# [WHAT TO DO]
Each line from the one containing "Открытка - с" to the end of the records should be copied exactly, and no other line.

<<<<

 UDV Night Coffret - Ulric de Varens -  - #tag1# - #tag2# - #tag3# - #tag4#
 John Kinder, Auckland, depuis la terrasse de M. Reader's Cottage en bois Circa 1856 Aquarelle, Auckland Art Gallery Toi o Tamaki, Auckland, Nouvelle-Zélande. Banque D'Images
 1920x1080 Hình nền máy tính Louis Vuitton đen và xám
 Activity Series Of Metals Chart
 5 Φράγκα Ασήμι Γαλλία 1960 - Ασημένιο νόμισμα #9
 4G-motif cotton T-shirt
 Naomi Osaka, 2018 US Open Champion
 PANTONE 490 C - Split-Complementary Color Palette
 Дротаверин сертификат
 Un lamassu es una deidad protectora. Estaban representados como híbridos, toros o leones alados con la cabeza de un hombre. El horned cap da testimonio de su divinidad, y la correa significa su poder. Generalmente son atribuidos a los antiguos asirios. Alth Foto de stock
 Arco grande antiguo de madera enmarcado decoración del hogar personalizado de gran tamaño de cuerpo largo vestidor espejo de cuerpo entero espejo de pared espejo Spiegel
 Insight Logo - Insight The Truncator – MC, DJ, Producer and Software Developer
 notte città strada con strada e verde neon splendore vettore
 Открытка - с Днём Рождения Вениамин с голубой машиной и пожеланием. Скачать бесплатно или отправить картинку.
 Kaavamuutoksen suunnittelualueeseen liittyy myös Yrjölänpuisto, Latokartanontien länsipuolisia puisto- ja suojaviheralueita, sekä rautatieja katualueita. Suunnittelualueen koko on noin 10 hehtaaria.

>>>>

# [SOLUTION FOR THIS PROBLEM]
 Открытка - с Днём Рождения Вениамин с голубой машиной и пожеланием. Скачать бесплатно или отправить картинку.
 Kaavamuutoksen suunnittelualueeseen liittyy myös Yrjölänpuisto, Latokartanontien länsipuolisia puisto- ja suojaviheralueita, sekä rautatieja katualueita. Suunnittelualueen koko on noin 10 hehtaaria.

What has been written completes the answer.